Früher war alles anders. Früher war Bier, Fussball, Party und Rock ’n’ Roll. Jetzt ist Kochen, Wickeln und Kinderlied. Aber das Leben fängt erst richtig an.
Sie sind ein Mann und blättern im «wir eltern». Krass. Ein Heft, das Sie früher nie gelesen hätten, stimmts? Ich nehme an, Sie haben sie auch hinter sich. Oder werden es bald. Die guten alten Zeiten. Ja, geben wir es ruhig zu. Früher, da haben wir die Sau rausgelassen. Wir haben getrunken, bis wir nicht mehr wussten, wie wir zum Vornamen heissen. Haben mit Maria Huana geflirtet, bis sie uns flachgelegt hat. Wir waren Rocker, Popper, Punker, Hanger, Heavies. Wir schlugen uns die Nächte um die Ohren. In Bars, in Pubs, in Clubs. Wir feierten, tanzten, spielten Ballergames, guckten Pornos, Fussball und tranken Bier dazu. Gute alte Zeiten. Wir haben uns nichts bieten lassen. Freiheit! Unabhängigkeit! Sorglosigkeit! Bestimmt könnten Sie auch abendfüllend Anekdoten zum Besten geben. Aber lassen wir das. Unsere Mütter und Frauen lesen mit. Obwohl, viele von ihnen waren wohl keinen Strich besser.

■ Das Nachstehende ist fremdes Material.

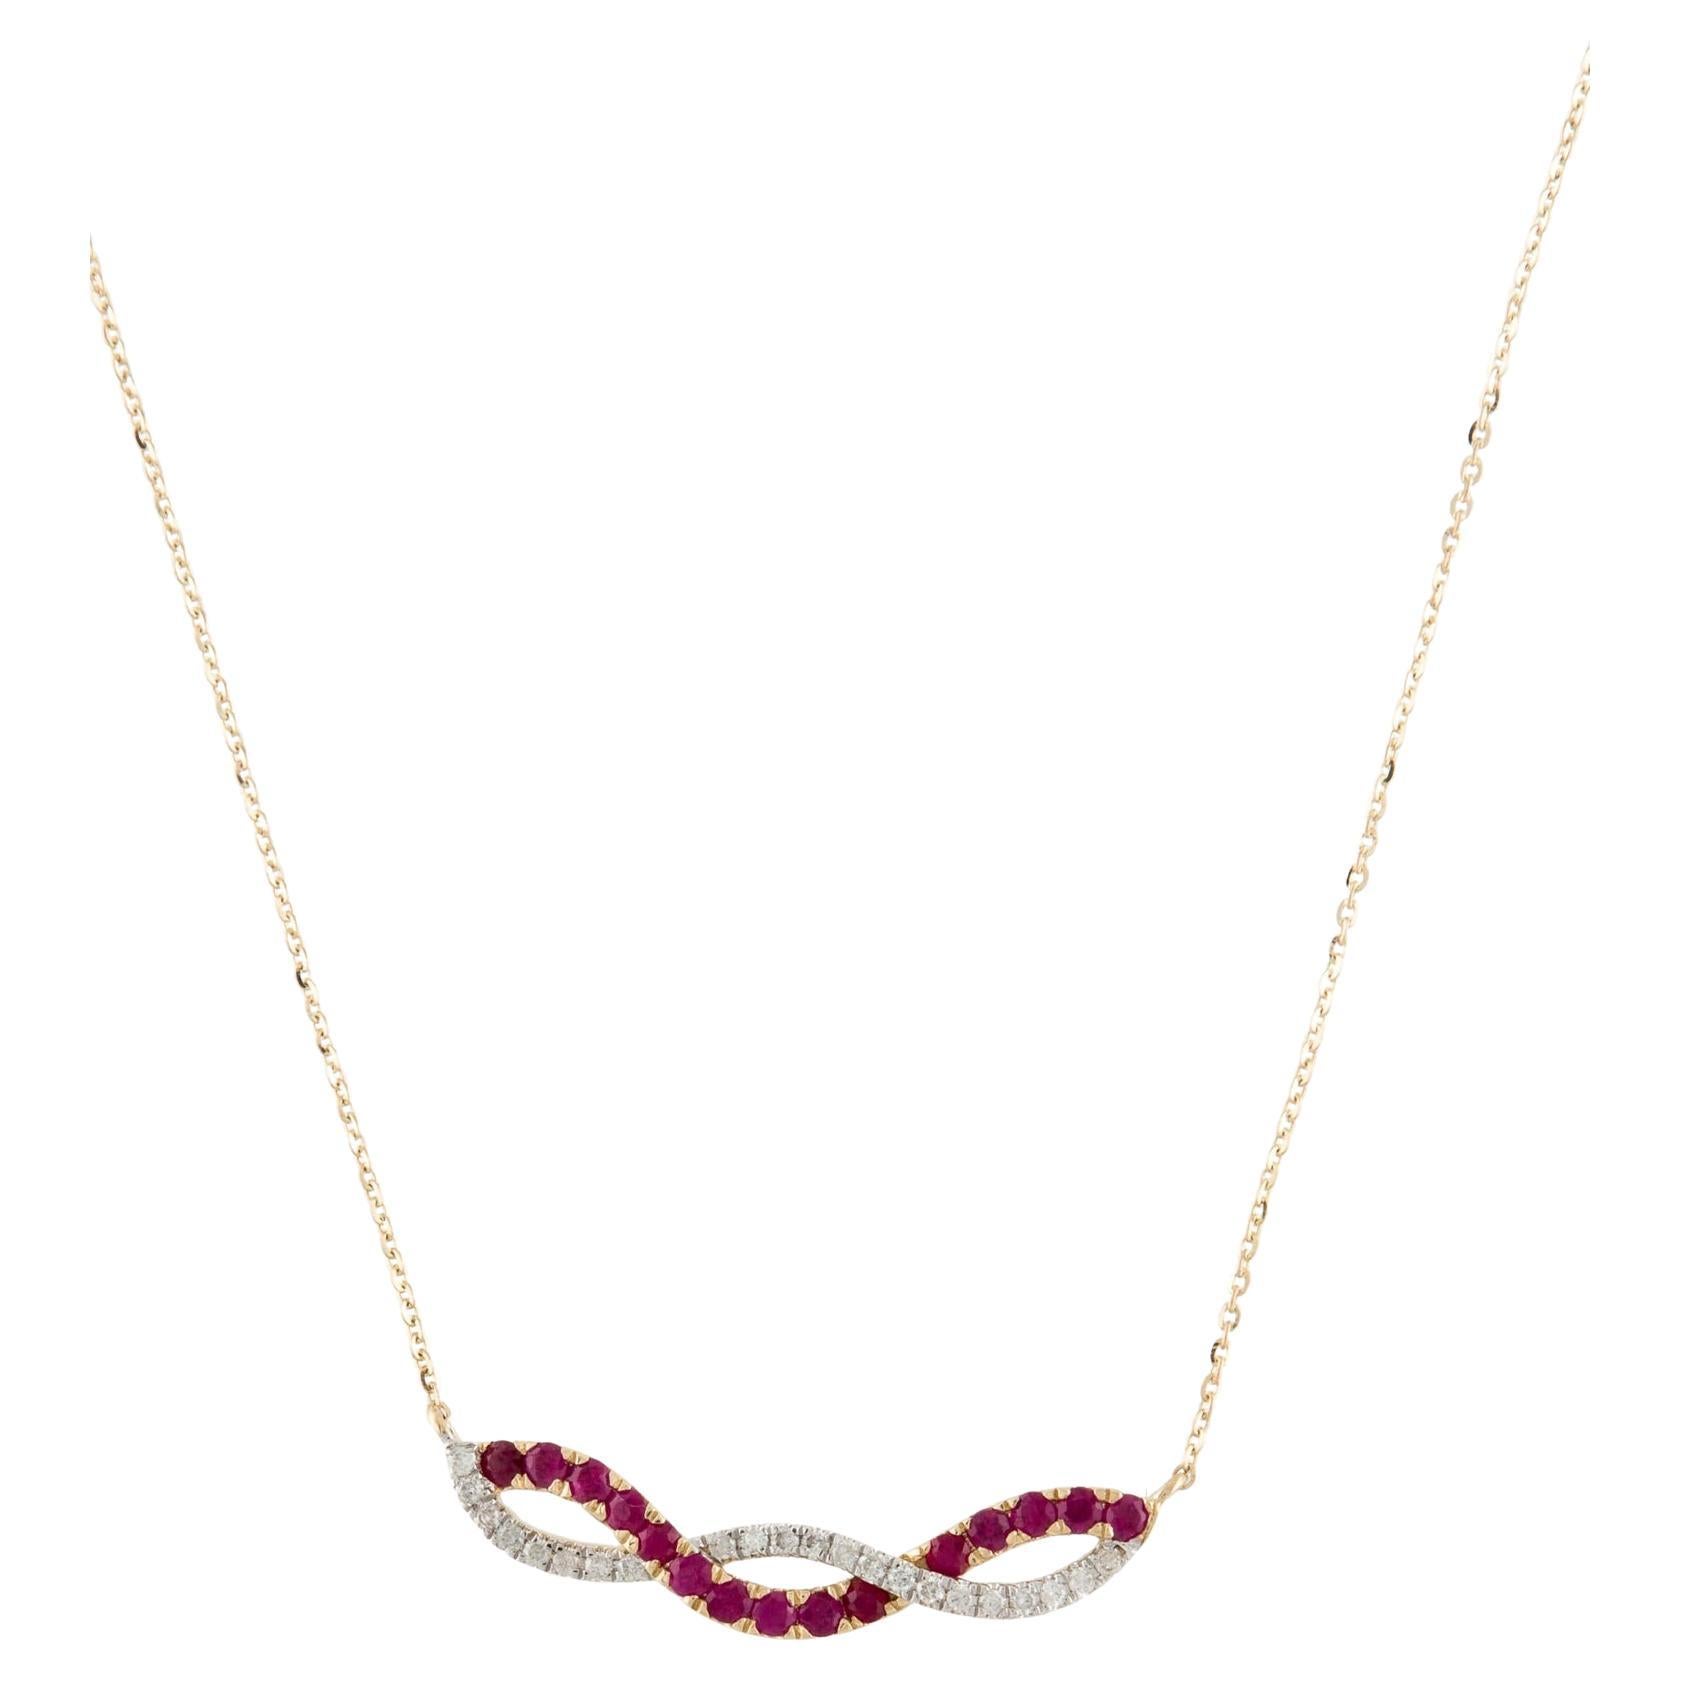 Luxury 14K Ruby & Diamond Pendant Necklace - Elegant Gemstone, Statement Jewelry For Sale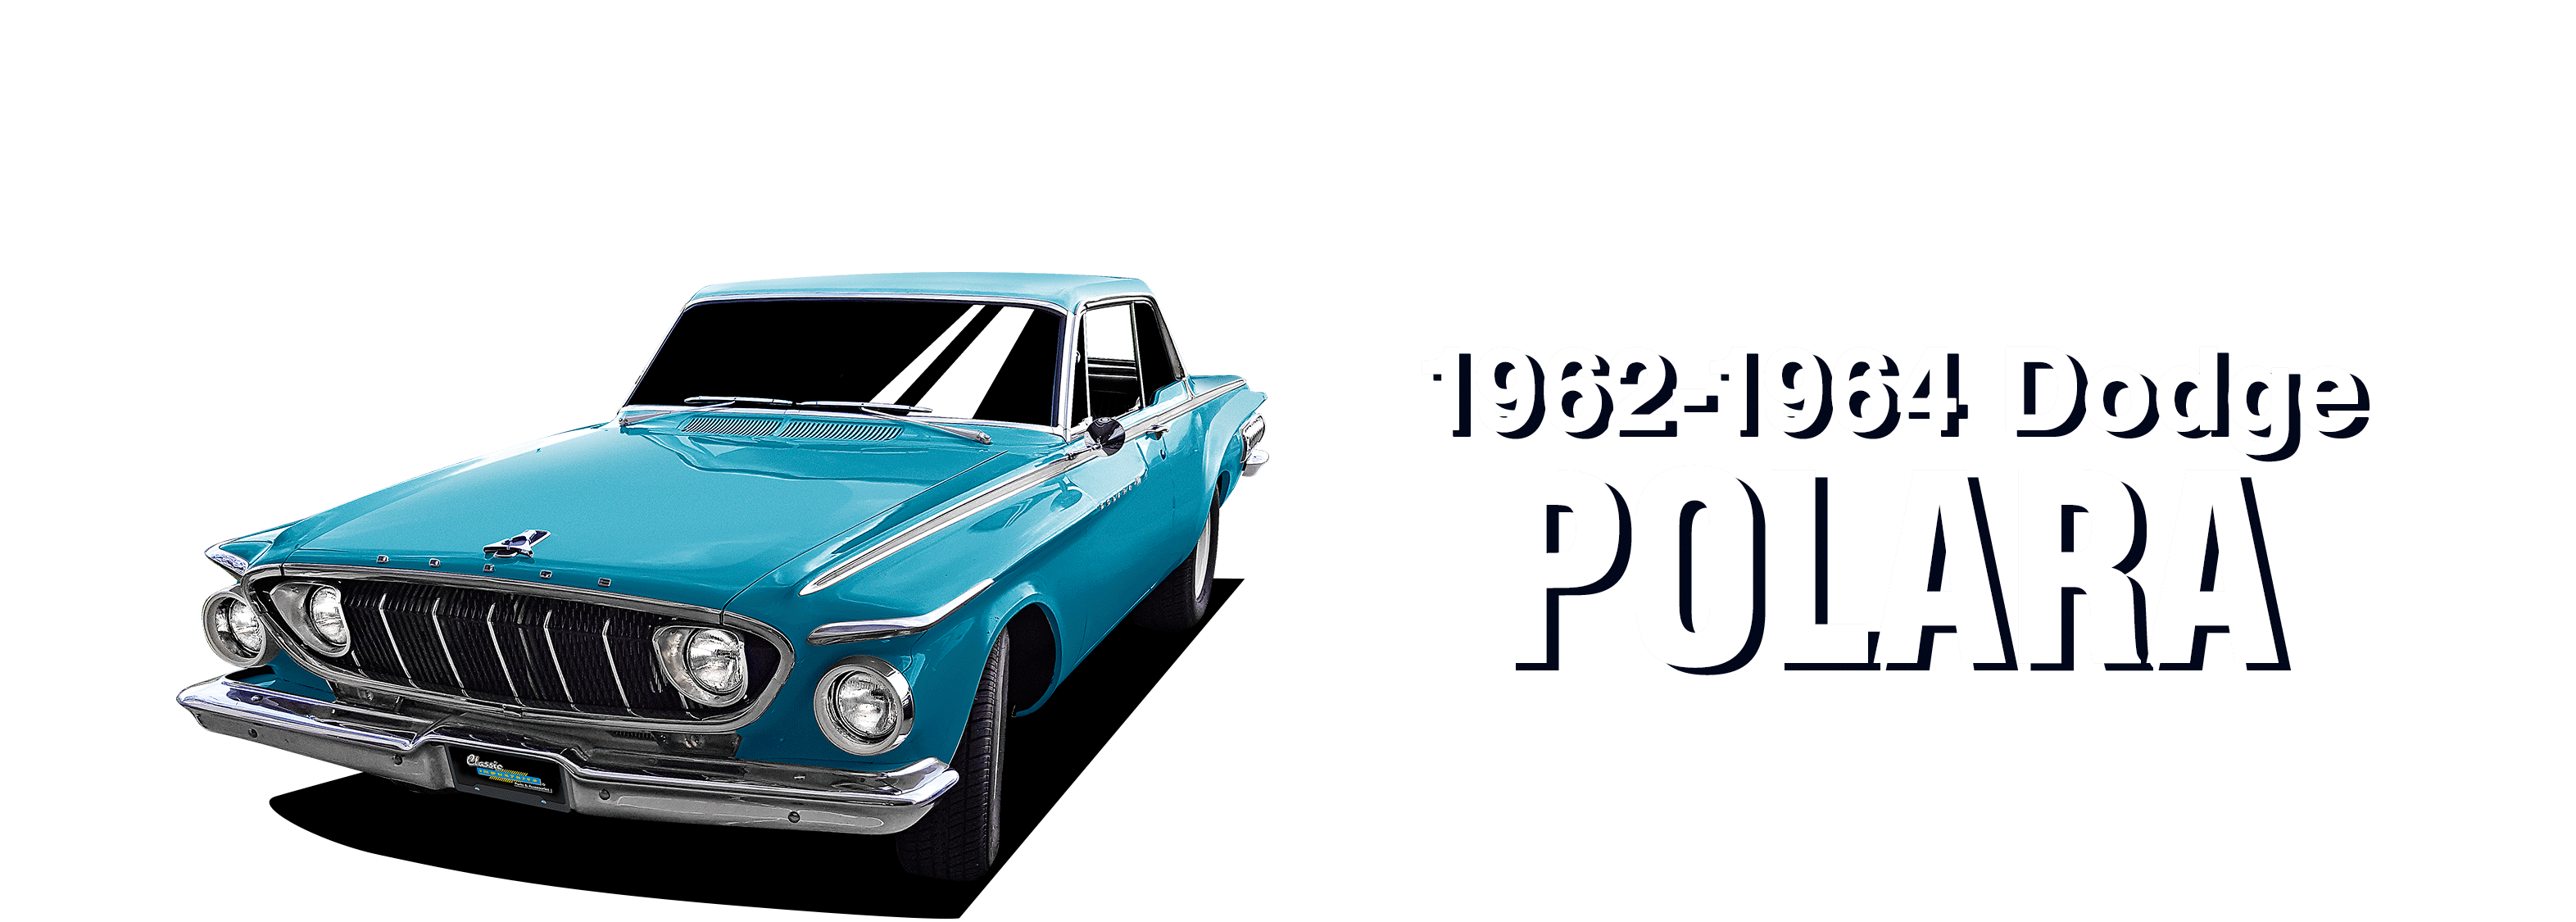 Dodge-Polara-vehicle-desktop

Und doch, wer hätte das gedacht, aus uns sind Väter geworden. Männer mit Frau und Kind. Mit Dondolo und Tragetuch. In den ersten Wochen der Schwangerschaft sah ich in einem Shop ein T-Shirt. Der Aufdruck meldete «Game Over» und zeigte ein Ehepaaar in Hochzeitskleidern. Der Mann mit Mundwinkeln nach unten. Die Frau mit Mundwinkeln nach oben und Baby im Arm. Lustig. Gekauft. Aber angezogen habe ich es nie. Nicht, weil es eine Nummer zu klein war. Nein, weil es nicht stimmt. Mit einem Kind ist das Spiel nicht vorbei. Im Gegenteil. Es geht erst richtig los. Level 2.
Die Nächte waren genauso lang wie zuvor. Und mindestens so berauschend. Diese kleinen, suchenden Augen. Und wenn es dann in unseren Armen einschläft. Wir sind hin und weg und ganz für das Kleine da. Davon haben sie immer gesprochen, unsere Frauen, unsere Eltern: Verantwortung übernehmen, erwachsen werden. Das tun wir jetzt. Wir fügen uns dem Schicksal. Wahrscheinlich hat es die Natur so vorgesehen.
Und dann kommt Level 3. Kaum ist die Familie gegründet, kommt die Karriere in Fahrt. Statt Iron-Maiden-T-Shirt tragen wir Krawatte. Wir gucken in den Spiegel und sind plötzlich rasiert. Die alten Zöpfe abgeschnitten. Statt Bierpass und Teleclub besitzen wir Kundenkarten von PKZ und Herren Globus. Schon wieder heisst es Verantwortung übernehmen. Wir werden befördert. Endlich den Bereich, die Abteilung oder die ganze Firma führen. Es winkt der Lohn, der für drei oder vier reicht. Und die Zeit, die fast nur noch der Firma gehört.
Über 90 Prozent von uns Vätern wünschen sich gemäss Umfrage von «wir eltern», möglichst viel Zeit mit den Kindern zu verbringen. Weniger als 5 Prozent von uns arbeiten weniger als 100 Prozent. Hat es die Natur so vorgesehen? Es ist noch nicht so lange her, da haben wir uns nichts diktieren lassen. Wir waren Rocker, Popper, Punker, Hanger, Havies. Und jetzt? Fügen wir uns dem Schicksal? Hat es die Natur tatsächlich so vorgesehen?
Vielleicht sollten wir wieder ein Stück der guten alten Zeit zurückholen. Da haben wir Freiheit, Unabhängigkeit und Sorglosigkeit gelebt. Wir haben sie uns genommen. Das können wir wieder. Dieses Mal nicht mehr nur für uns, sondern für unsere Familien. Gehen wir es an. Perfekt rasiert im Iron-Maiden-T-Shirt. Rock 'n' Roll!
Rinaldo Dieziger
Rinaldo Dieziger (37) ist Autor und Gründer der Agentur www.supertext.ch und lebt mit seiner Familie in Zürich.